Re: Planetary bases (was Re: Fish in Space)

From: Spike Jones (
Date: Mon Jan 08 2001 - 22:01:46 MST

> Spike Jones wrote:
> > Its too bad, for otherwise we could set up a station on Mercury's
> > constant dawn, and have unlimited access to a big heat source
> > and a big cold source.
> Jeff Davis wrote: The same basing
> opportunity still exists, but now it's limited to an area around the poles.

Right! Too bad its such a small area. Be that as it may, we might be able
to enlarge it by putting together the biggest nuke we can and kerBLAMing
ourselves a big crater at each pole. Of course we would want to first
mine and store elsewhere all the precious water that might be in the
ever-dark craters near the poles.

> Obliquity (tilt of axis in degrees)..................0
> ...
> Note that the tilt of the axis is zero degrees. (I interpret this to mean
> that the axis is perpendicular to the plane of the orbit. Is that right?)


> This would mean that the incident angle of sunlight is constant at any
> given lattitude. Logically, the temperature extremes shown above should be
> moderated as one moves toward the poles.

Yup. But to get anything like a humanable habitat, we need a crater
or canyon or trench near the pole so that direct sunlight never comes
in to spoil the fun. One thing Ive often wondered about is how hot
is the soil near the poles? If it is cool enough to move with equipment
similar to what we use on this rock, then we could make a base.
Otherwise we still have the nukes, and that even has a green angle
to it: see how we remove all these nukes from the green earth? etc.

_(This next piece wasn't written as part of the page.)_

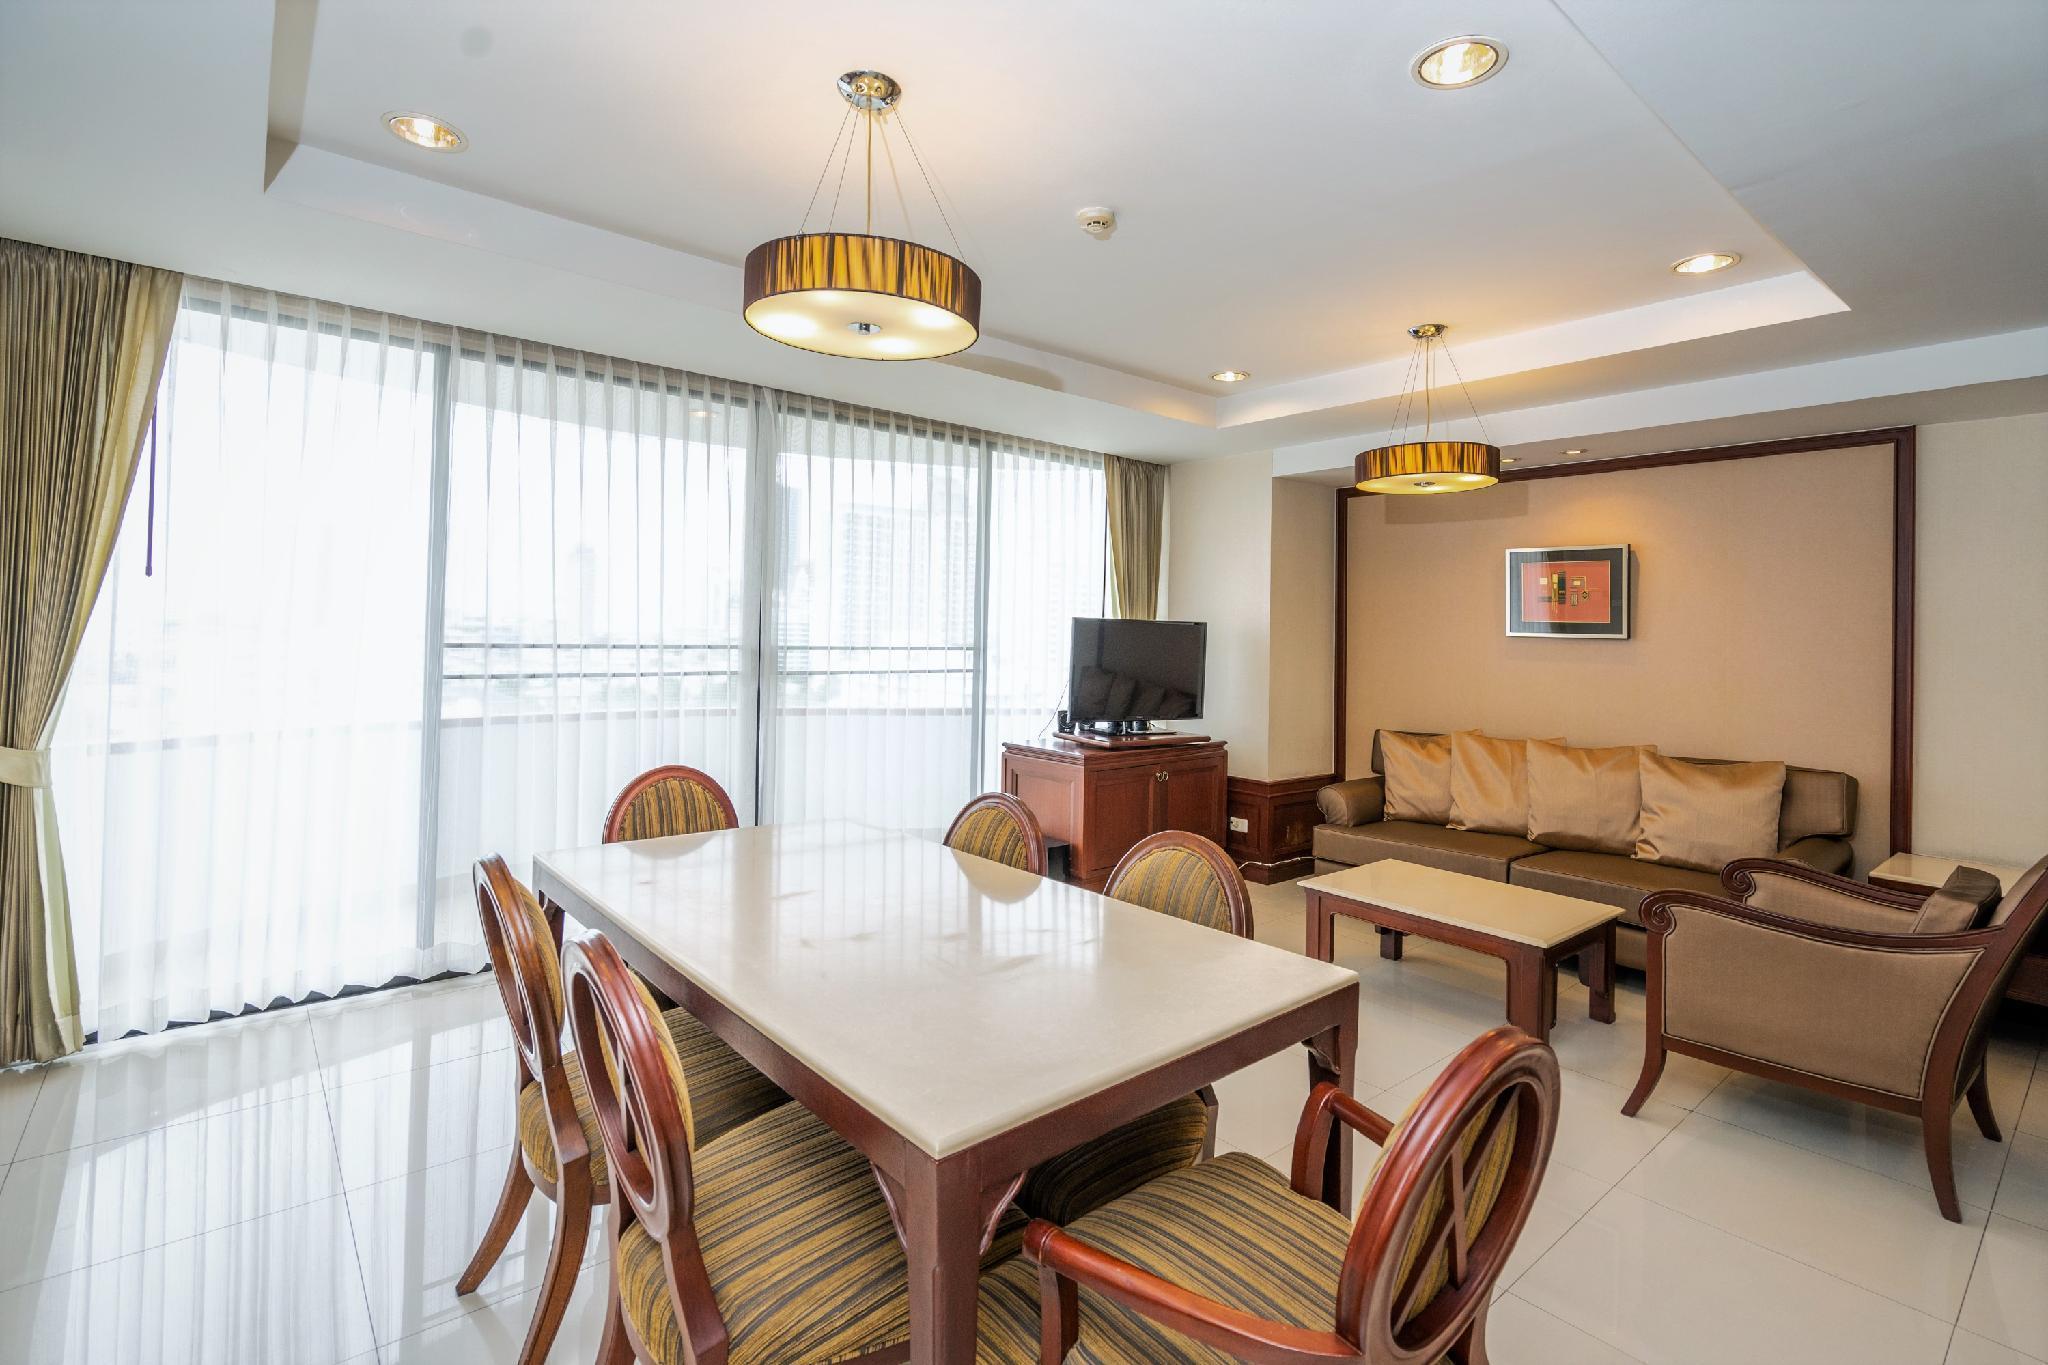 4BR Apartment Sleeps 6 near BTS Thong Lo อพาร์ตเมนต์ 4 ห้องนอน 4 ห้องน้ำส่วนตัว ขนาด 170 ตร.ม. – สุขุมวิท

> I found temperature and pressure profiles of the Venusian atmosphere.
> Check out the graphs.
> Right around 50 km altitude, temperature and pressure are around 300K and 1
> atm, perfect for human life. ...a dirigible or geodesic sphere works fine, with
> the
> entire interior space habitable.

But we need to figure out how to stay in the shady side, since the solar flux
at Venus would be about thrice what it is here. Owwww. {8-[ Since Venus
rotates, our balloon would need to really haul to stay on the night side.

> Anyone know the absorbtion characteristics of H2SO4?)

The web knows. It knows everything. The web is god.

> Winds at the top of the atmosphere are pretty fierce, 350 km/hr, but below the
> clouds they're mild.

We might be able to take advantage of those winds to keep our
dirigible on the night side.

> Any chemists want to comment on the potential for energy extraction
> using sulphuric acid and carbon dioxide?

No reaction possible there. Carbon dioxide is stable as all get out.
For practical purposes it is already in a ground state as is molecular
nitrogen. Now if we could get some flourine...

> In any event, it seems there are
> abundant supplies of C, H, O, and S.

There is nitrogen too. Thats important.

> Or perhaps you could actually have a base on the surface. With a floating
> component tethered to it, you could extract energy from the thermal gradient.